The final product looks as if a pie chart, a Venn diagram and a 3-D bar graph got into a bar fight, resulting in a slurry of information that’s difficult to access, but whose upshot carries more comprehensive insight than the sum of its charts. 


Some of the pieces—“PIBCAC,” or “problem is between computer and chair,” ie the user; and “TNETENNBA,” a made-up tech word that has come to mean a made-up tech word—look like they could be brand logos. They carry assurance like the emblem of your favorite chain restaurant on a long road trip; the logo says you’re safe or, at least, you know what you’re getting. And with his pieces’ sharp lines, bright colors and impervious attitudes, it’s easy to buy what Ryan is selling—were his art hawking something besides itself. As such, the exhibition is at once appealing and nauseating. (Think of Apple’s insidious marketing campaign: I might buy a Mac, but I’m certainly not one.)

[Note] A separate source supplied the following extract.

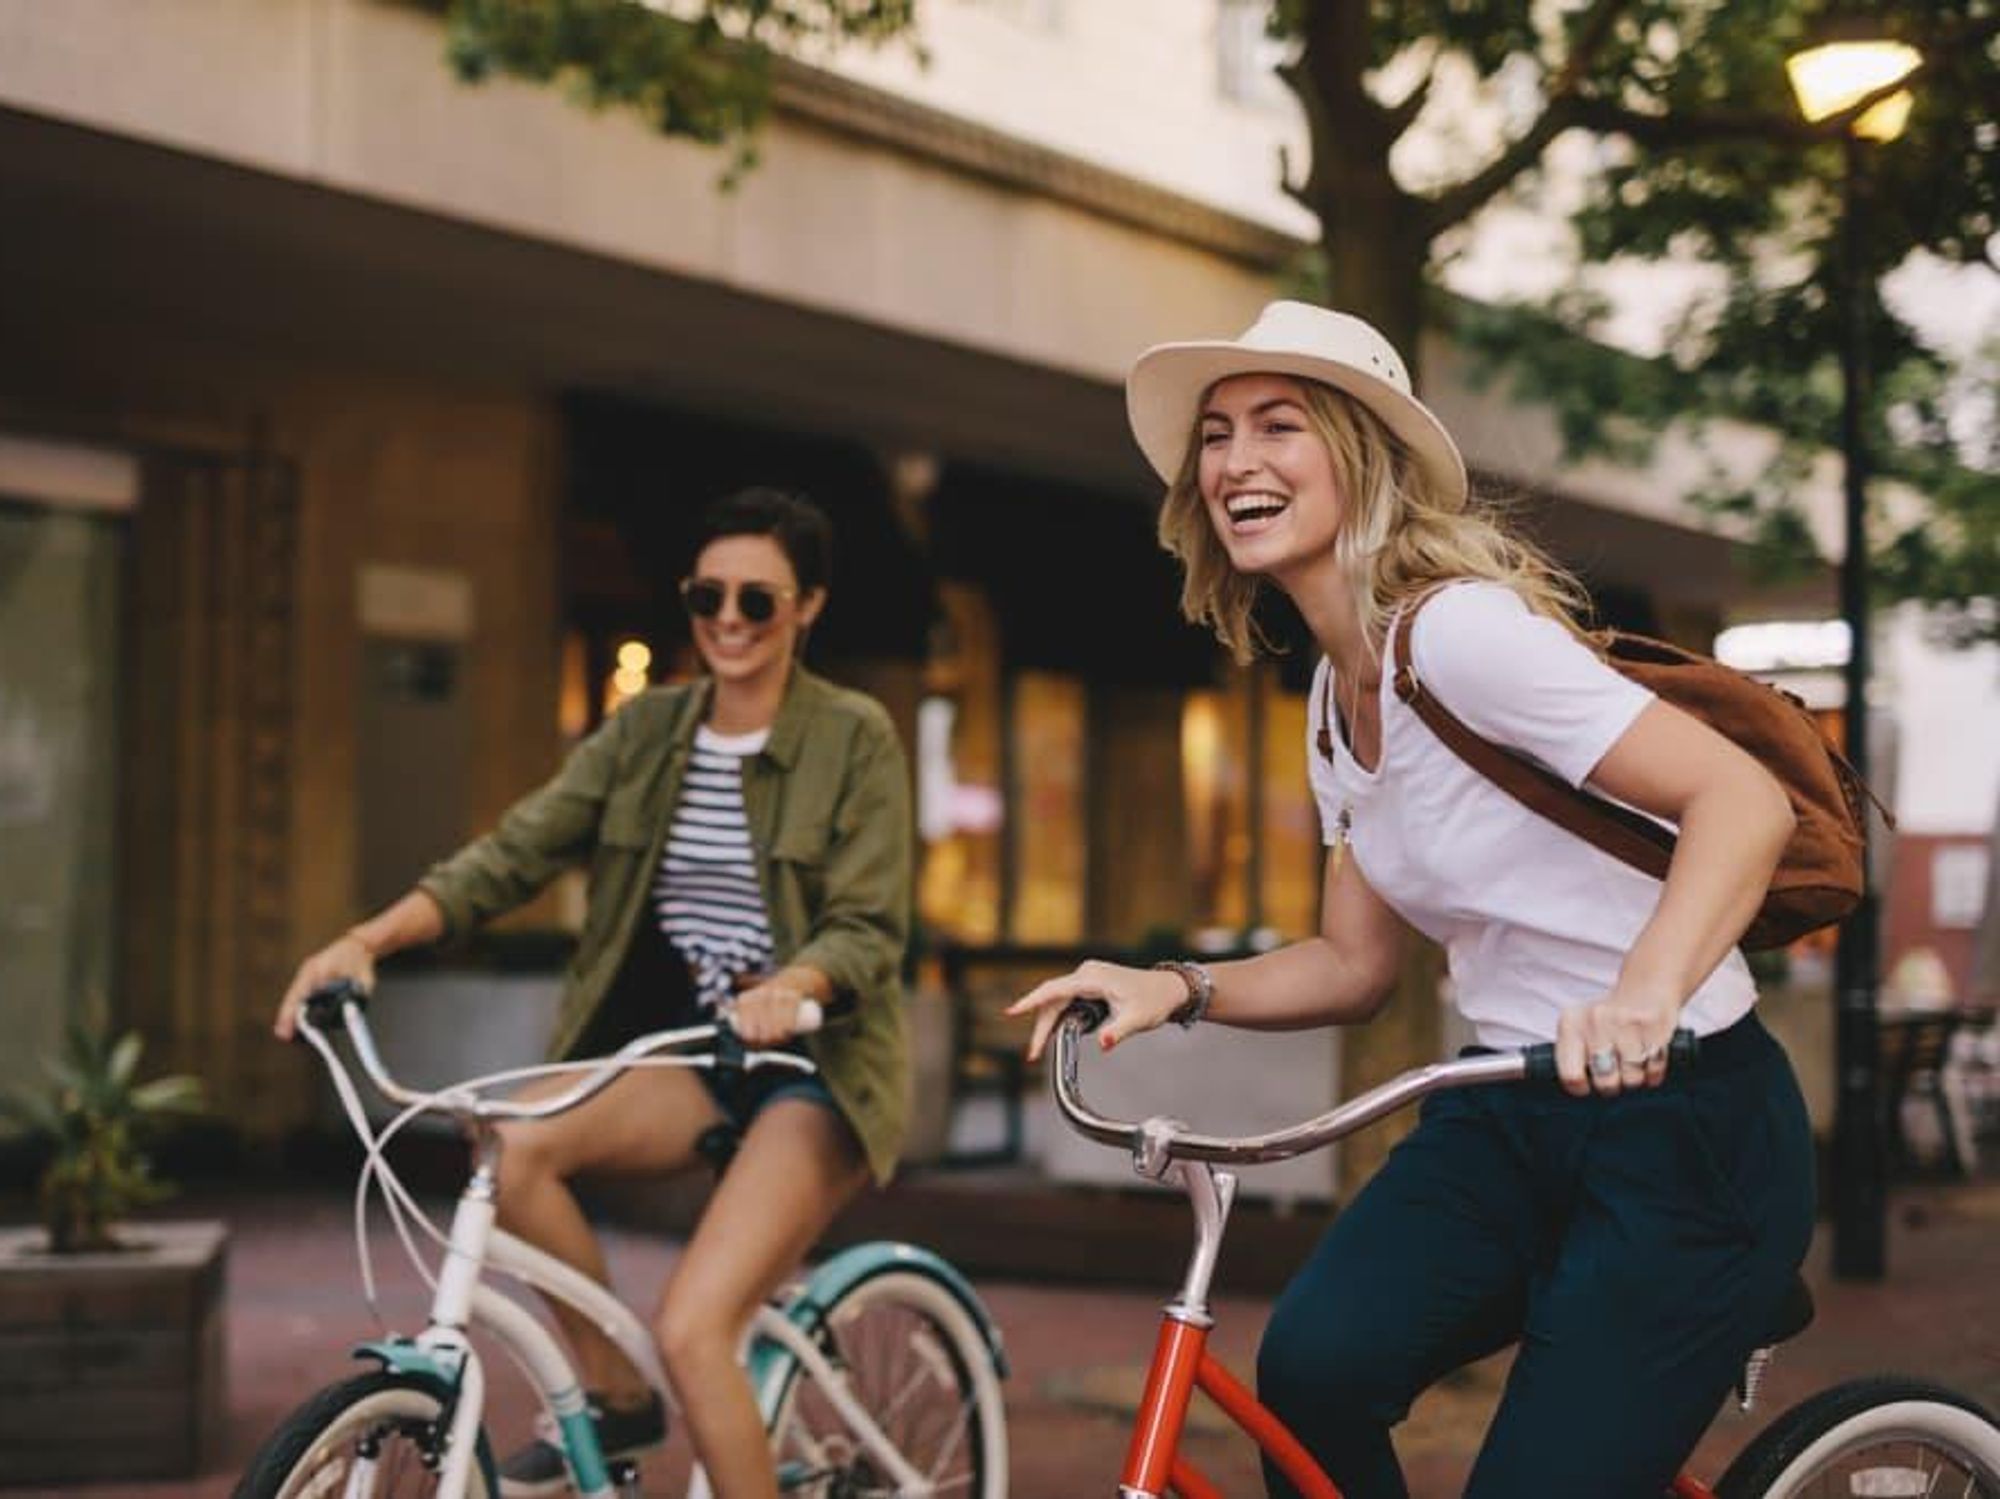 Two girls riding bikes

The titles give the works names rather than meaning—which is fortunate because “Left on Pan Am Fwy” would have one driving in neon circles, while the sporadic chromatics in “Chumbley, Fass!” would never direct anyone to Ryan’s late dog. 


The latter piece, a soiree of interspersed, multicolored orbitals, measures approximately 6 by 11 feet and extends 5.5 inches from the wall in layered Corafoam. It is an example of Ryan’s work at its best: when it’s biggest and brightest. After all, 3-D pop abstraction is not the business of the meek. 


Indeed, as at home as these works would be emblazoned on billboards or plastered across city streets, they look uncomfortable floating on the austerity of the gallery’s tall white walls. It’s heresy, but perhaps a gallery as accommodating as James Kelly Contemporary—think of the ad hoc wall constructed last year so that a 500-pound graphite cuboid by Susan York could bisect it—would set the works off against a more urban, less urbane backdrop. Colorful walls? Shiny scrim? A thousand-bulb Vegas marquee?


If Glitches & Fixes were a commercial, the TV would be on and its pixels blaring loud. Someone just needs to turn up the volume.